Extra: Correlation Matrix#

I create a Correlation matrix using heatmap to represent the correlation between all the factors. No significant correlation found. Only the correlation of each factor and “diagnosis” matters.

corr_matrix = data.corr()
plt.figure(figsize=(8, 6))
sns.heatmap(corr_matrix, annot=True, cmap="coolwarm", fmt=".2f", linewidths=0.5)
plt.title("Correlation Matrix")
plt.show()
../_images/31482289635ac1a5ef40aebc0221fee327ee06b94bd83c94b6ad472d31696a38.png

K-nearest neighbors Regression#

  • Above, I have not checked the kNN regression, so in this section, we will run the kNN-regression on the dataset to see if it is better than the Best Model I chose before.

  • The MSE of this regression is about 0.197 which is not as good (in term of MSE) as Random Forest Regression (MSE=0.08)

knn_regressor = KNeighborsRegressor(n_neighbors=50)  

knn_regressor.fit(X_train, y_train)

y_pred = knn_regressor.predict(X_test)

test_mse = mean_squared_error(y_test, y_pred)
print("KNN Regression Mean Squared Error (Test set):", test_mse)

plt.figure(figsize=(8, 6))
plt.scatter(y_test, y_pred, alpha=0.5)
plt.plot([y_test.min(), y_test.max()], [y_test.min(), y_test.max()], 'k--', lw=2)  
plt.xlabel("Actual Values")
plt.ylabel("Predicted Values")
plt.title("KNN Regression: Actual vs. Predicted Values")
plt.show()
KNN Regression Mean Squared Error (Test set): 0.21403466666666668
../_images/6aaee3d4469c71d2883b961d3defcec41dc92c1a359d388298de00f694c02236.png

K-means Cluster (BMI vs Age)#

numeric_data = data.select_dtypes(include=[np.number])

# Initialize KMeans object with the chosen number of clusters
kmeans = KMeans(n_clusters=10, n_init=10)

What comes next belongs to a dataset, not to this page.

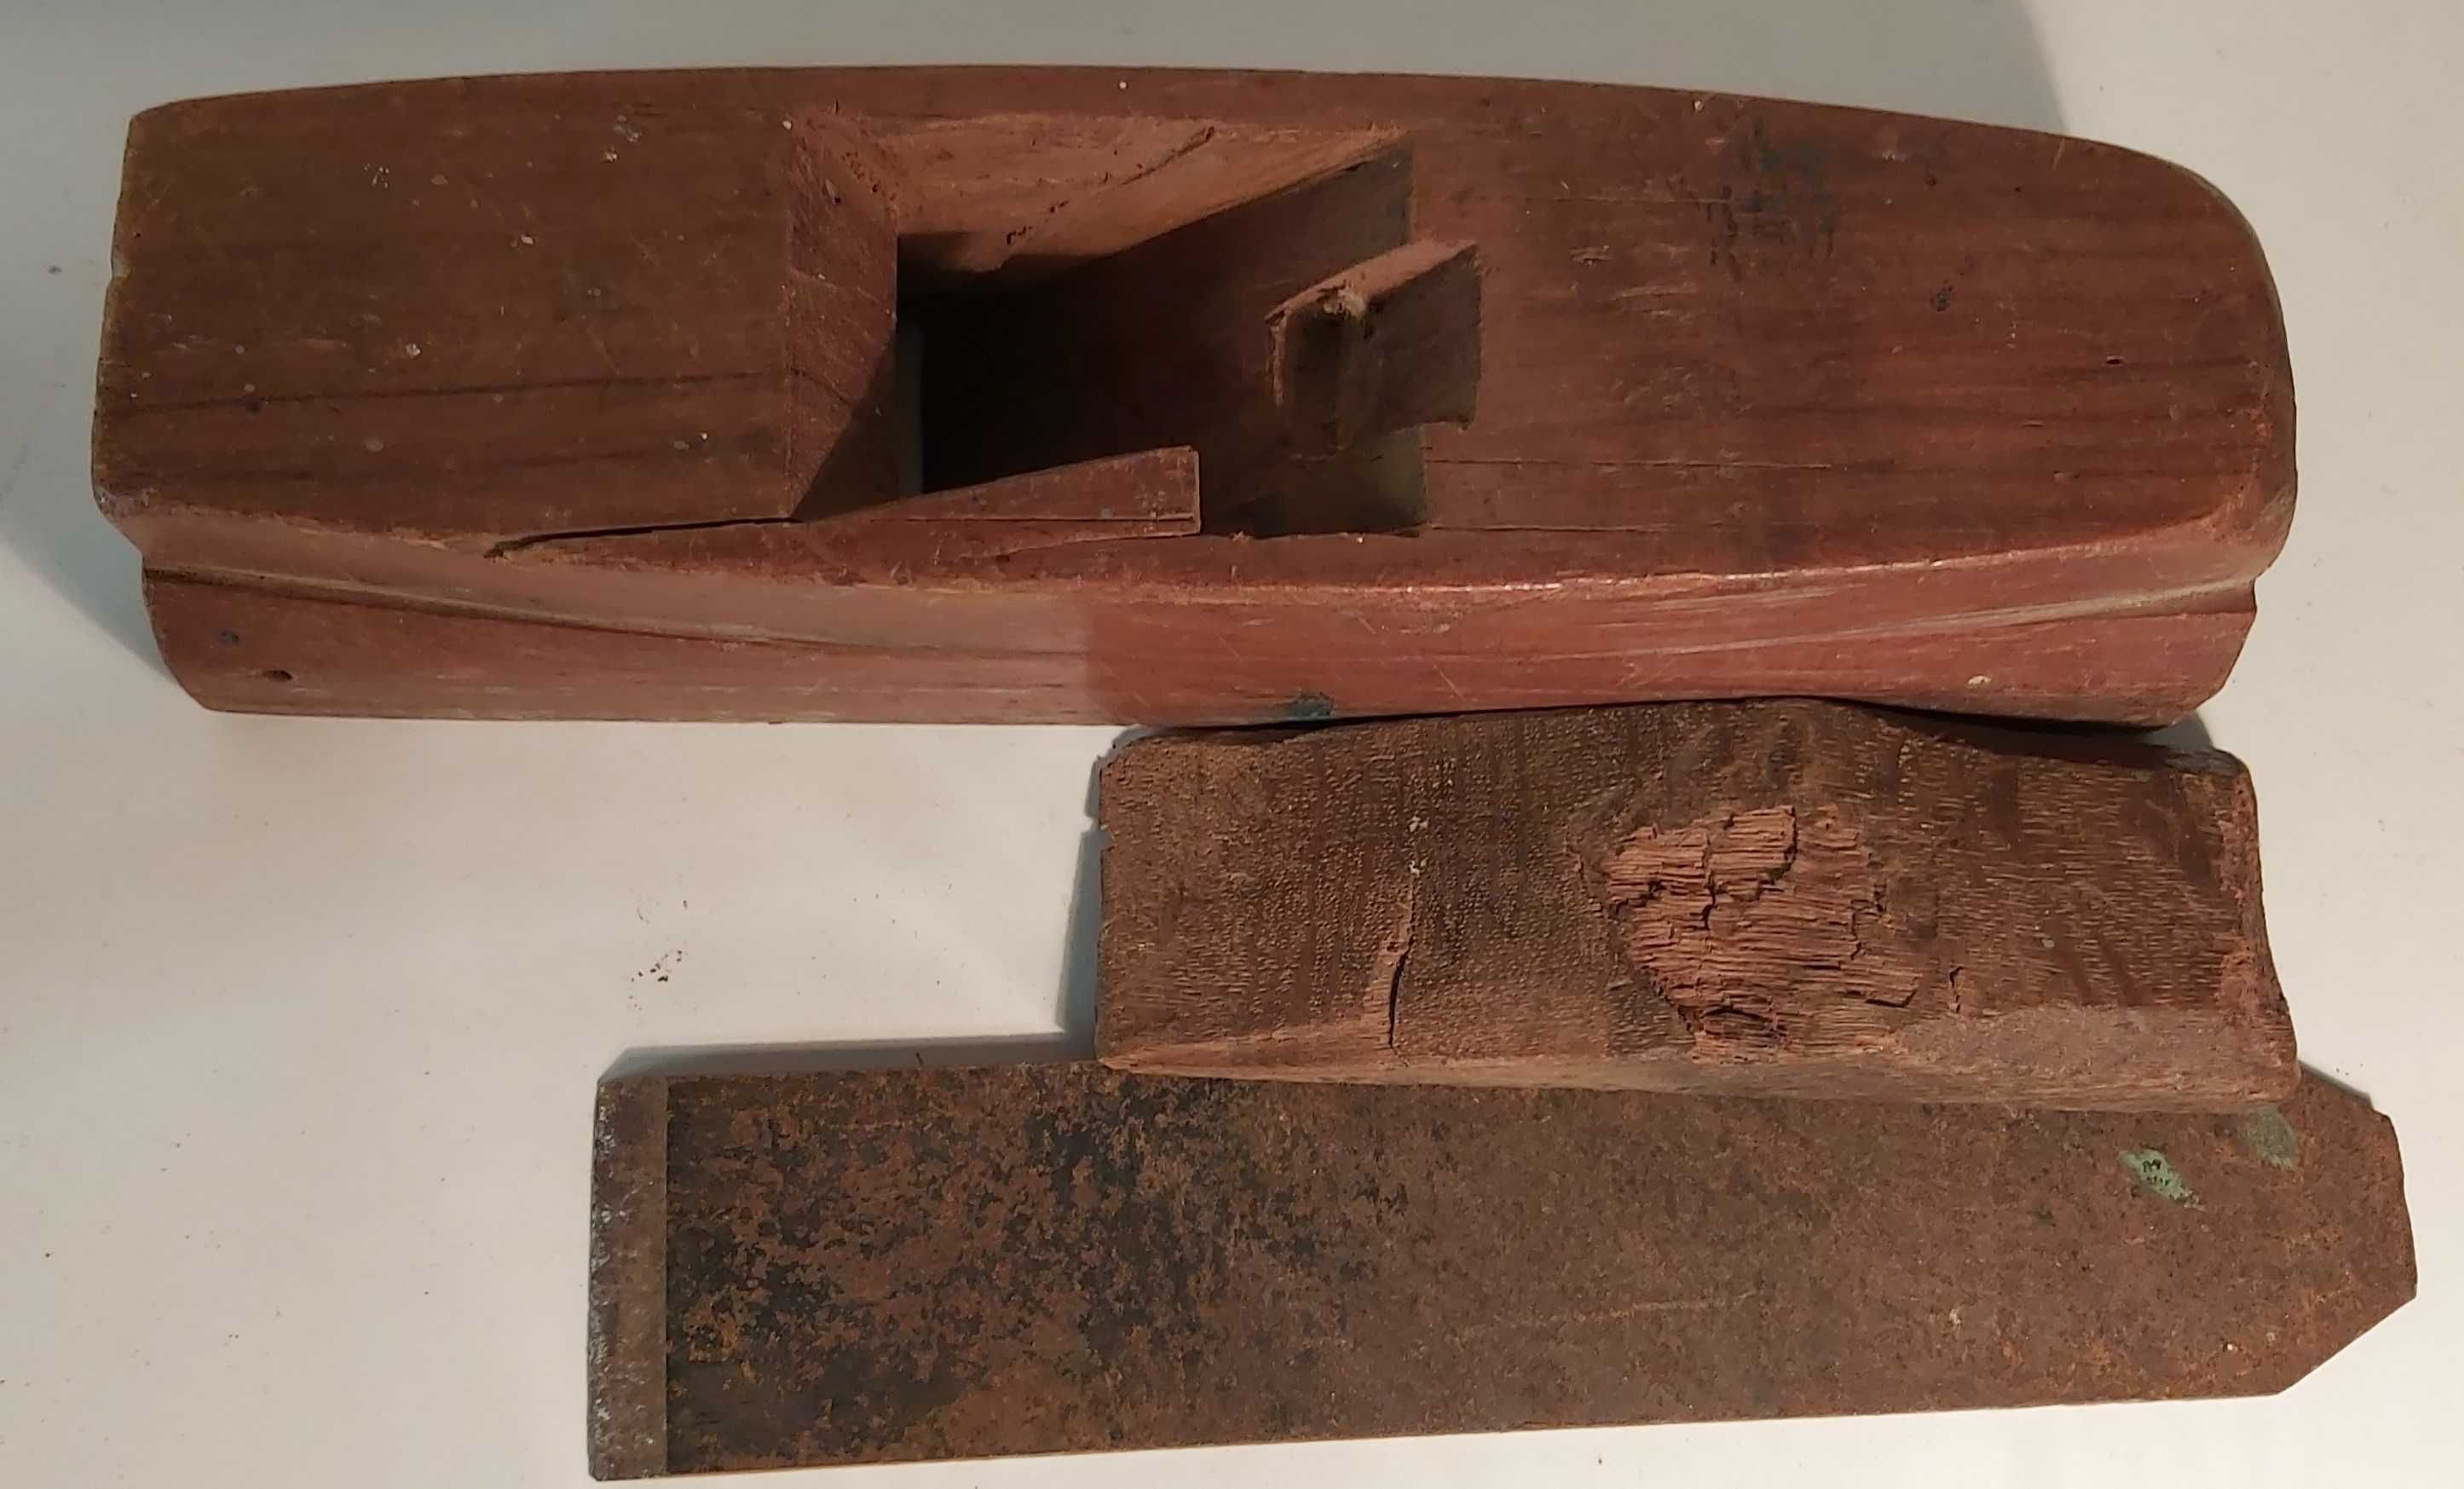 Ferramenta VINTAGE - Plaina antiga madeira

# Fit KMeans object to the data
kmeans.fit(numeric_data)

# Get cluster labels
cluster_labels = kmeans.labels_

# Get cluster centers
cluster_centers = kmeans.cluster_centers_

plt.scatter(numeric_data.iloc[:, 0], numeric_data.iloc[:, 1], c=cluster_labels, cmap='viridis')
plt.scatter(cluster_centers[:, 0], cluster_centers[:, 1], marker='x', s=100, c='red')
plt.xlabel(numeric_data.columns[0])  
plt.ylabel(numeric_data.columns[1])  
plt.title('K-means Clustering')
plt.show()
../_images/f4f65165eca640e52d61c4f30f6ca98079a5a309acb78cbff833145bb025e471.png

Conclusions and Key insights#

In this study, we analyzed various medical and lifestyle factors to understand their influence on the likelihood of being diagnosed with cancer. Here are the key findings and insights derived from the analysis:

1) Age Distribution and Cancer Diagnosis:

The majority of individuals diagnosed with cancer fall within the age group of 50-80. A more detailed analysis revealed that 24.4% of patients diagnosed with cancer are between 51-60 years old, making it the age group with the highest percentage of cancer diagnoses.

2) BMI and Cancer Risk:

Individuals with a BMI higher than 28 are more likely to be diagnosed with cancer. This aligns with the BMI categories indicating that people who are overweight (BMI 25-29.9) and obese (BMI of 30 or greater) have a higher risk of cancer.

3) Lifestyle Factors:

Smoking: More than 50% of the patients diagnosed with cancer are smokers, highlighting a significant correlation between smoking and cancer. Conversely, over 2/3 of non-smokers do not have cancer.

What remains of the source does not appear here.